No background inquiries were made, though one is not required for hiring at Brandeis. Birren said that Brandeis University hiring policy is “in line” with other colleges nationwide.

Until her termination, the university was not aware that Ross had multiple convictions. She was interviewed twice over the phone, and Farrelly listened to her work on NPR. Ross was initially recommended to Farrelly by a mutual contact in the journalism world.
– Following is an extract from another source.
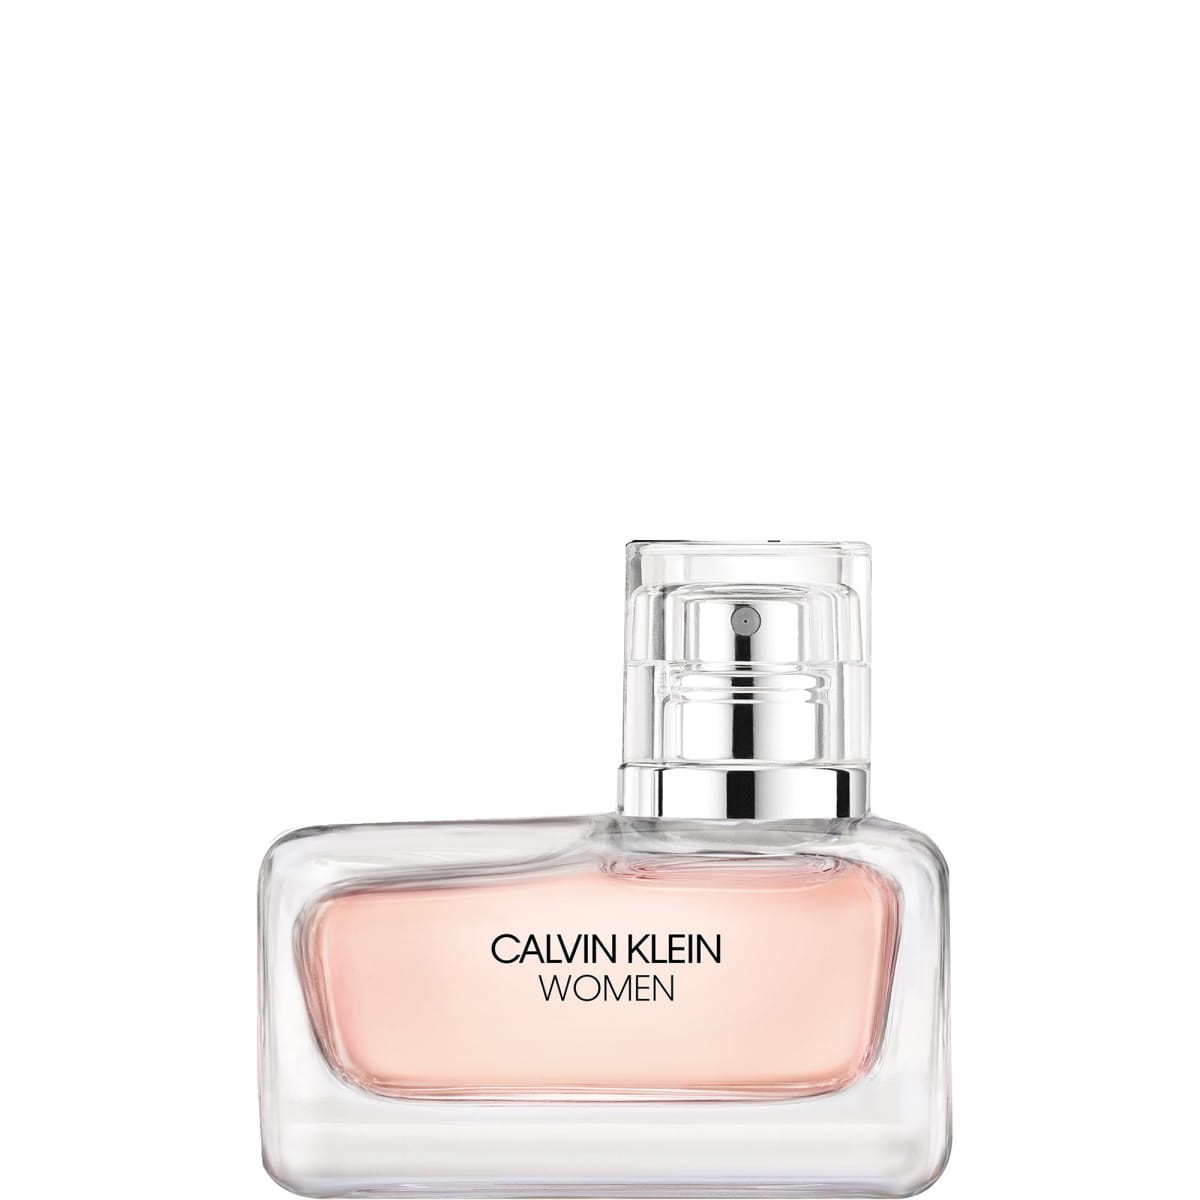 Klein Parfum Women Calvin Eau De N0nwv8Om

While she was unaware of Ross’ criminal history, Farrelly did know her reputation of reportage:

“When a former colleague who now works for New Hampshire Public Radio recommended Pippin to me, I recognized her name immediately because I had heard her reports on WBUR this past fall, when the state Legislature was considering the legalization of casino gambling,” Farrelly wrote in an e-mail to The Hoot. “I also recalled her coverage of the tornadoes that hit Massachusetts last summer. In short, she is well regarded for her work in the public broadcasting arena. In addition, she had an article in an edition of Commonwealth magazine that arrived in my mailbox the week that I learned I was going to have to find a replacement to teach the class.”

Due to a reporting error, an earlier version of this article misstated Andrew Gully’s response. Gully said the university “stands by the Public Safety report on this incident” but did not comment on whether the university was aware of Ross’s neurological condition. We regret the error.